Research Paper Volume 13, Issue 12 pp 16043—16061
HMGA1 promotes gastric cancer growth and metastasis by transactivating SUZ12 and CCDC43 expression
- 1 Guangdong Provincial Key Laboratory of Gastroenterology, Department of Gastroenterology, Nanfang Hospital, Southern Medical University, Guangzhou 510515, China
- 2 Department of Gastroenterology, Longgang District People’s Hospital, Shenzhen 518172, China
- 3 Department of Gastroenterology, The Third Affiliated Hospital of Guangzhou Medical University, Guangzhou 510150, China
- 4 The Second Affiliated Hospital of University of South China, Hengyang 421001, China
Received: December 15, 2020 Accepted: May 13, 2021 Published: June 24, 2021https://doi.org/10.18632/aging.203130
How to Cite
Copyright: © 2021 Yang et al. This is an open access article distributed under the terms of the Creative Commons Attribution License (CC BY 3.0), which permits unrestricted use, distribution, and reproduction in any medium, provided the original author and source are credited.
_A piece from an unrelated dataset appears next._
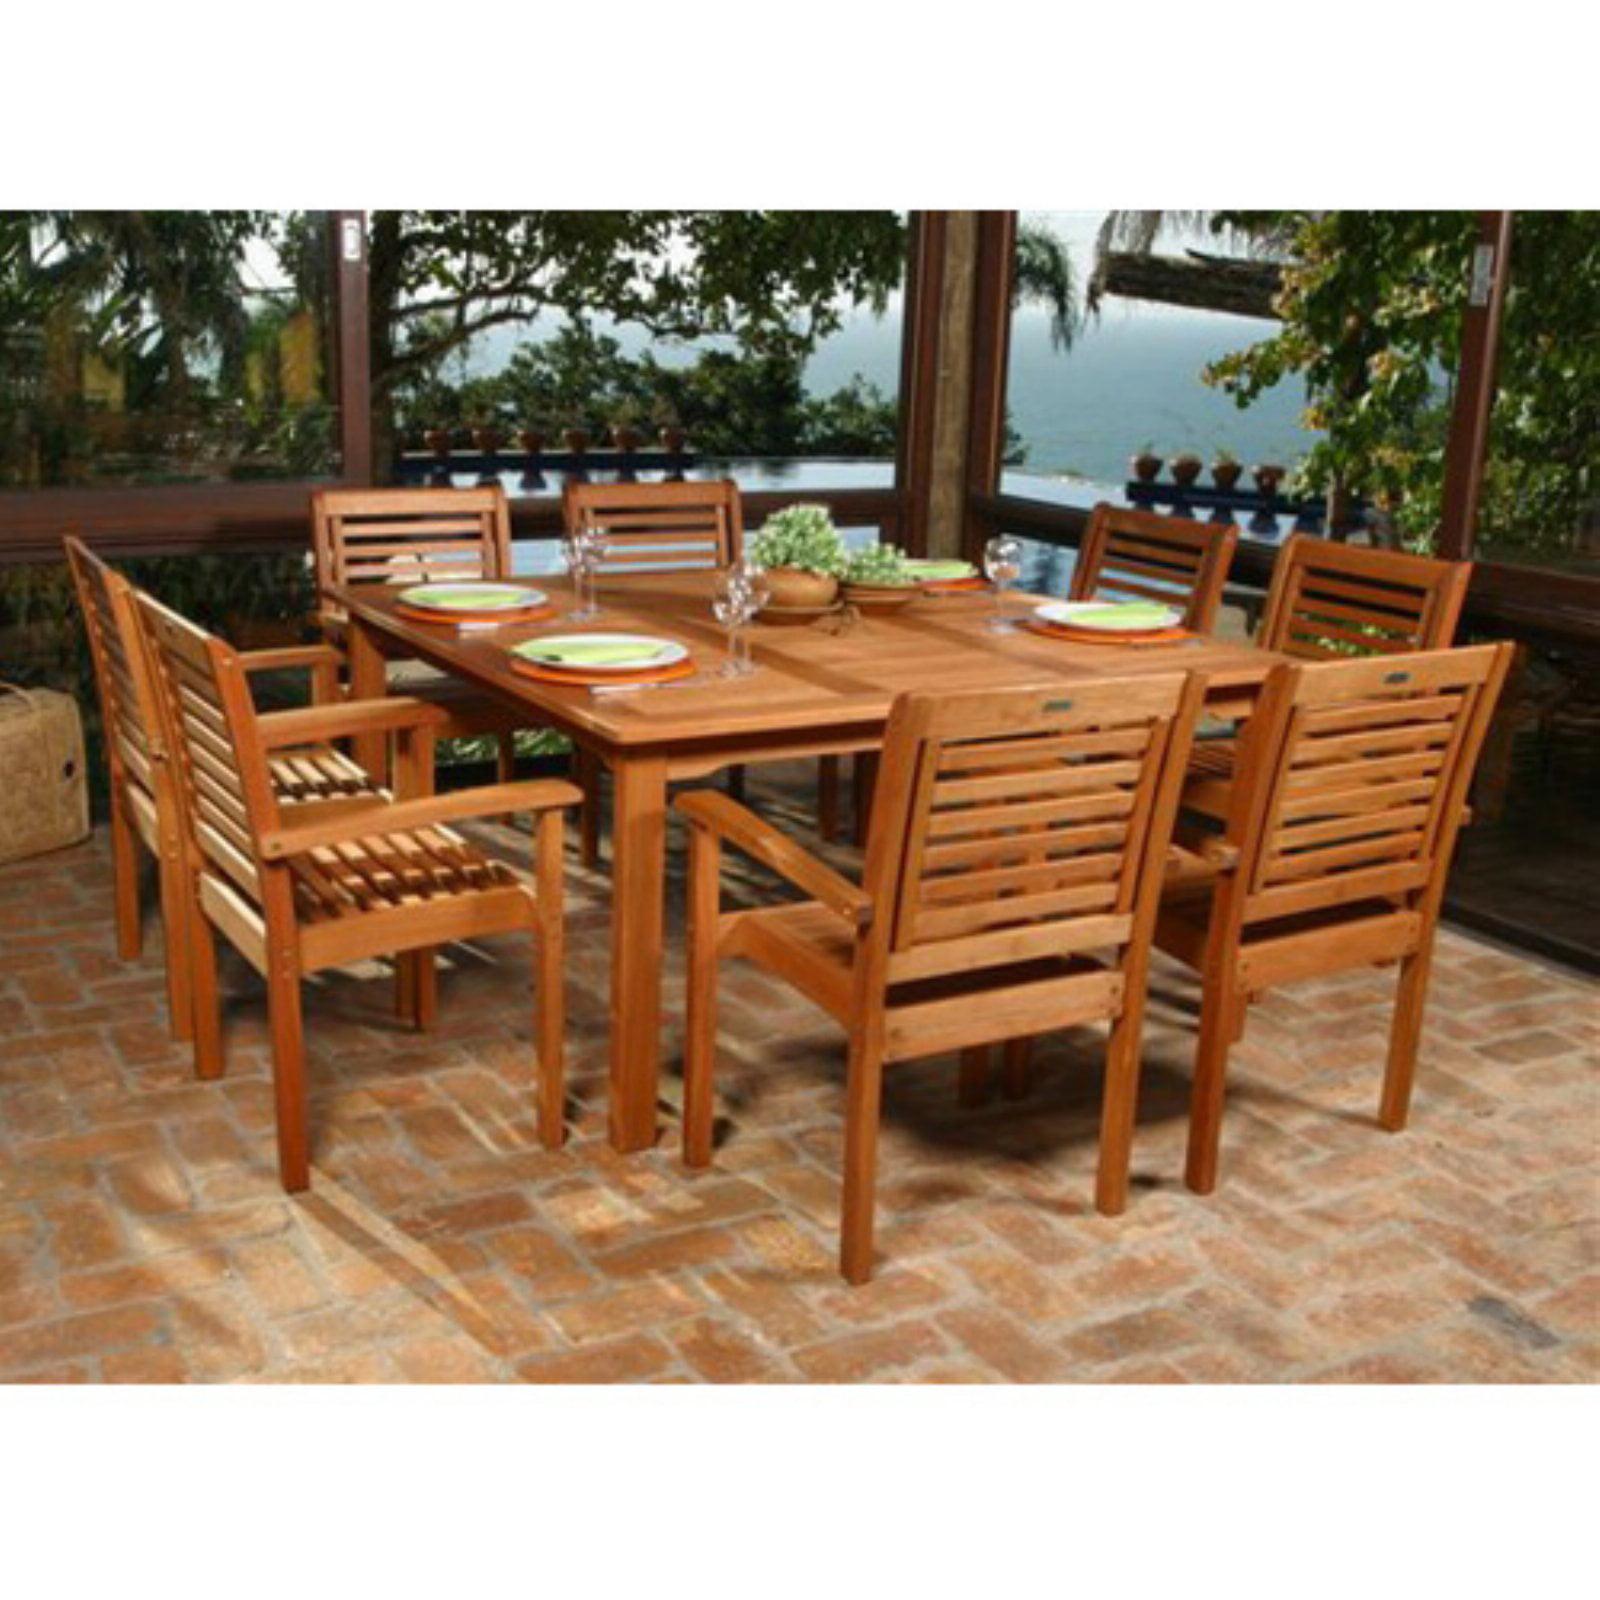 Milano eucalyptus square 9 piece patio dining set brown walmart com

HMGA1 protein is an architectural transcription factor that has been implicated in the progression of multiple malignant tumors. However, the role of HMGA1 in the growth and metastasis of gastric cancer (GC) has not yet been elucidated. Here, we show that HMGA1 is overexpressed in GC cells and the high expression of HMGA1 was correlated with worse survival in GC patients using a bioinformatics assay. Functionally, HMGA1 affected the EdU incorporation, colony formation, migration and invasion of GC cells by exogenously increasing or decreasing the expression of HMGA1. Mechanistically, HMGA1 directly bound to the SUZ12 and CCDC43 promoter and transactivated its expression in GC cells. Inhibition of SUZ12 and CCDC43 attenuated the proliferation, migration and invasiveness of HMGA1-overexpressing GC cells in vitro. Moreover, both HMGA1 and SUZ12/CCDC43 were highly expressed in cancer cells but not in normal gastric tissues, and their expressions were positively correlated. Finally, a tail vein metastatic assay showed that HMGA1 promoted SUZ12/CCDC43-mediated GC cell metastasis in vivo. Our findings suggest that HMGA1 promotes GC growth and metastasis by transactivating SUZ12 and CCDC43 expression, highlighting HMGA1 as a potential prognostic biomarker in the treatment of GC.